[Task instructions] Only the lines below from the one containing "Velouria Austin exterior" through the one containing "Световноизвестният художник, роден" belong in the answer, repeated exactly and without pictures.

[Records for the exercise]
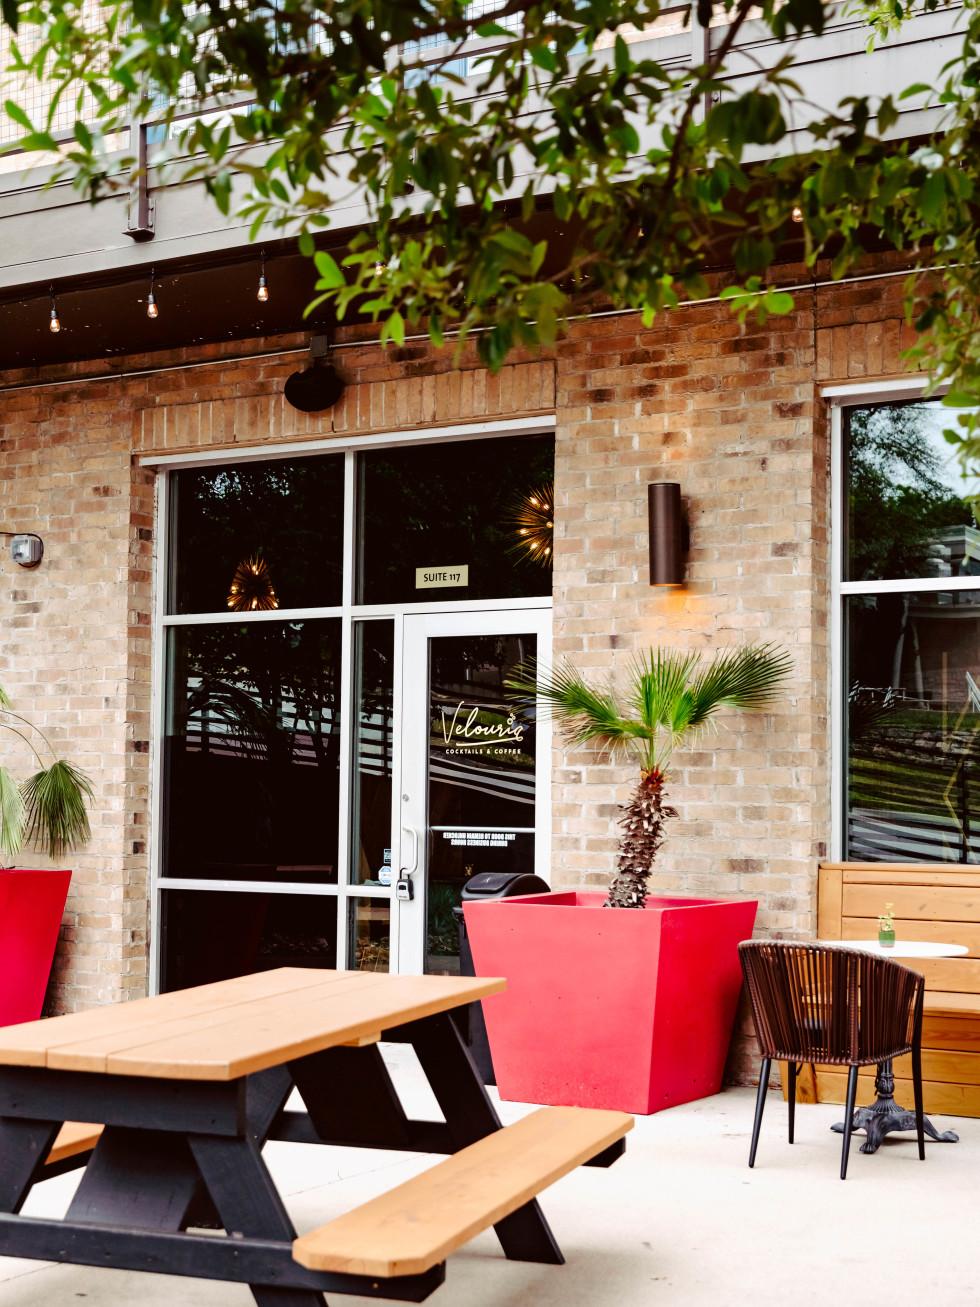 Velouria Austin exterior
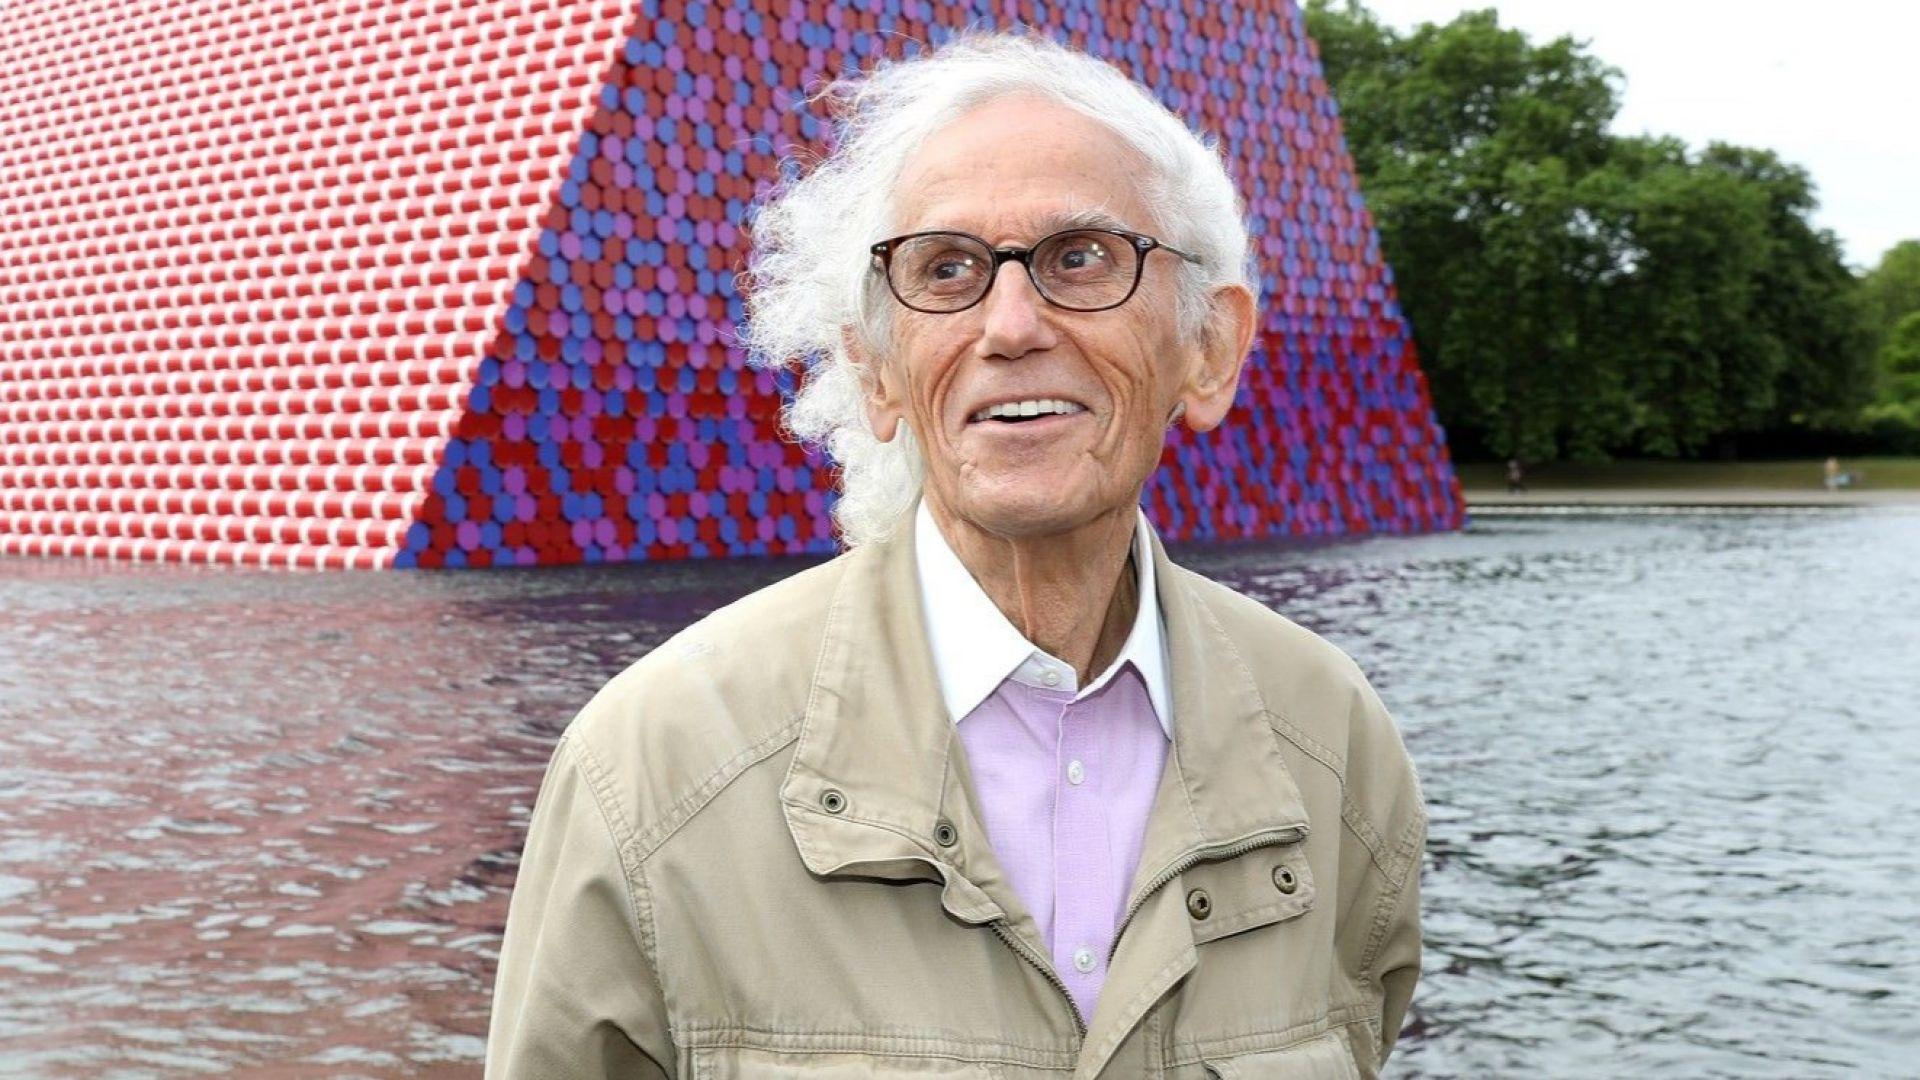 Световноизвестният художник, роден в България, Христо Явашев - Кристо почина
* * *
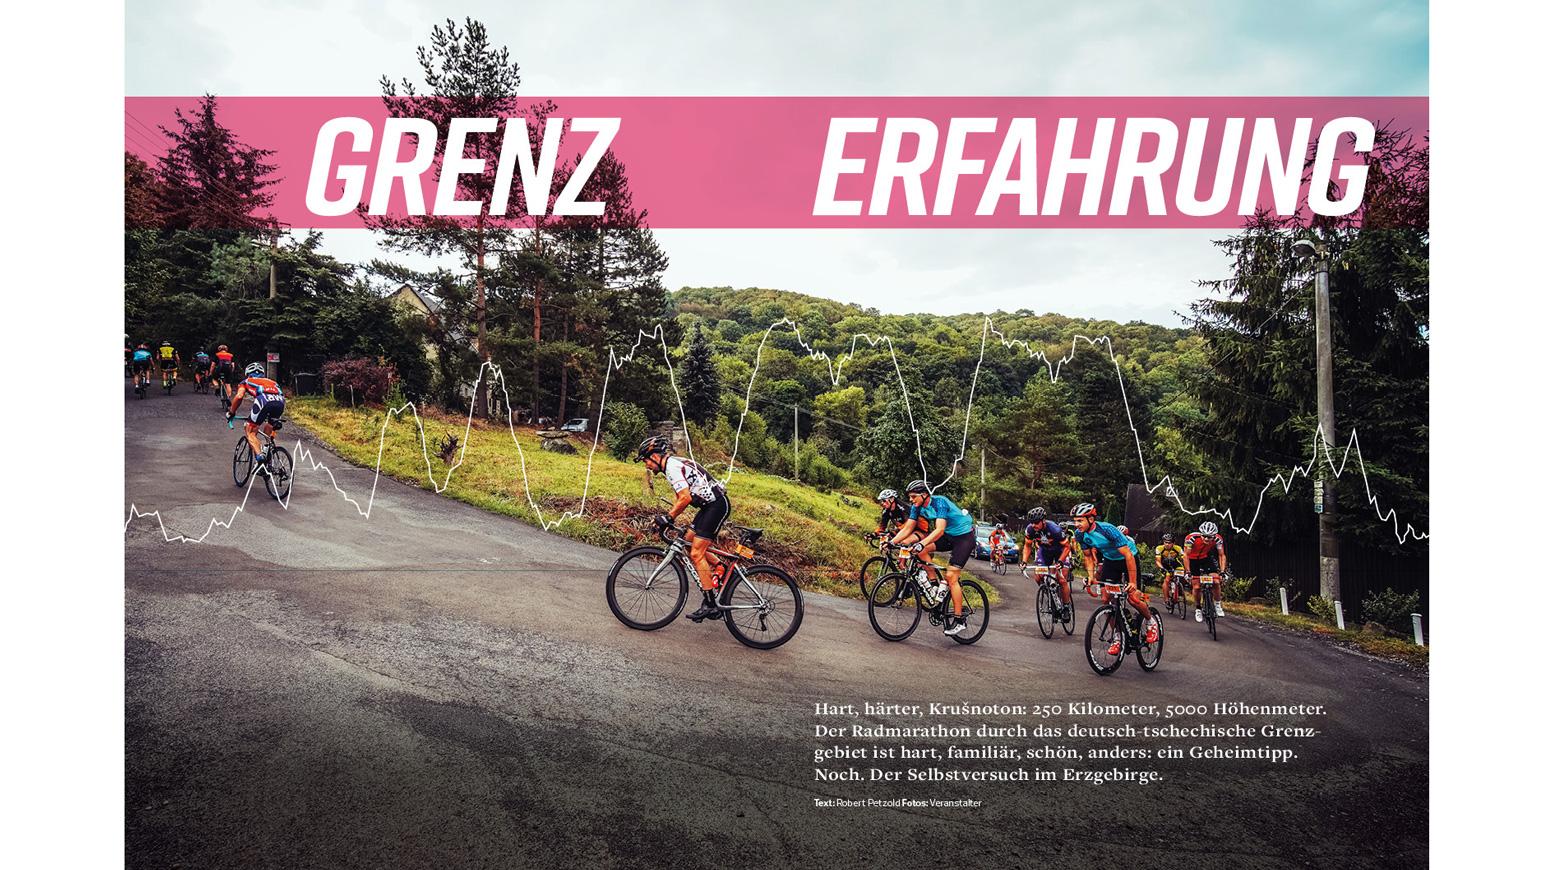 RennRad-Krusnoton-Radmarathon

[Reply]
 Velouria Austin exterior
 Световноизвестният художник, роден в България, Христо Явашев - Кристо почина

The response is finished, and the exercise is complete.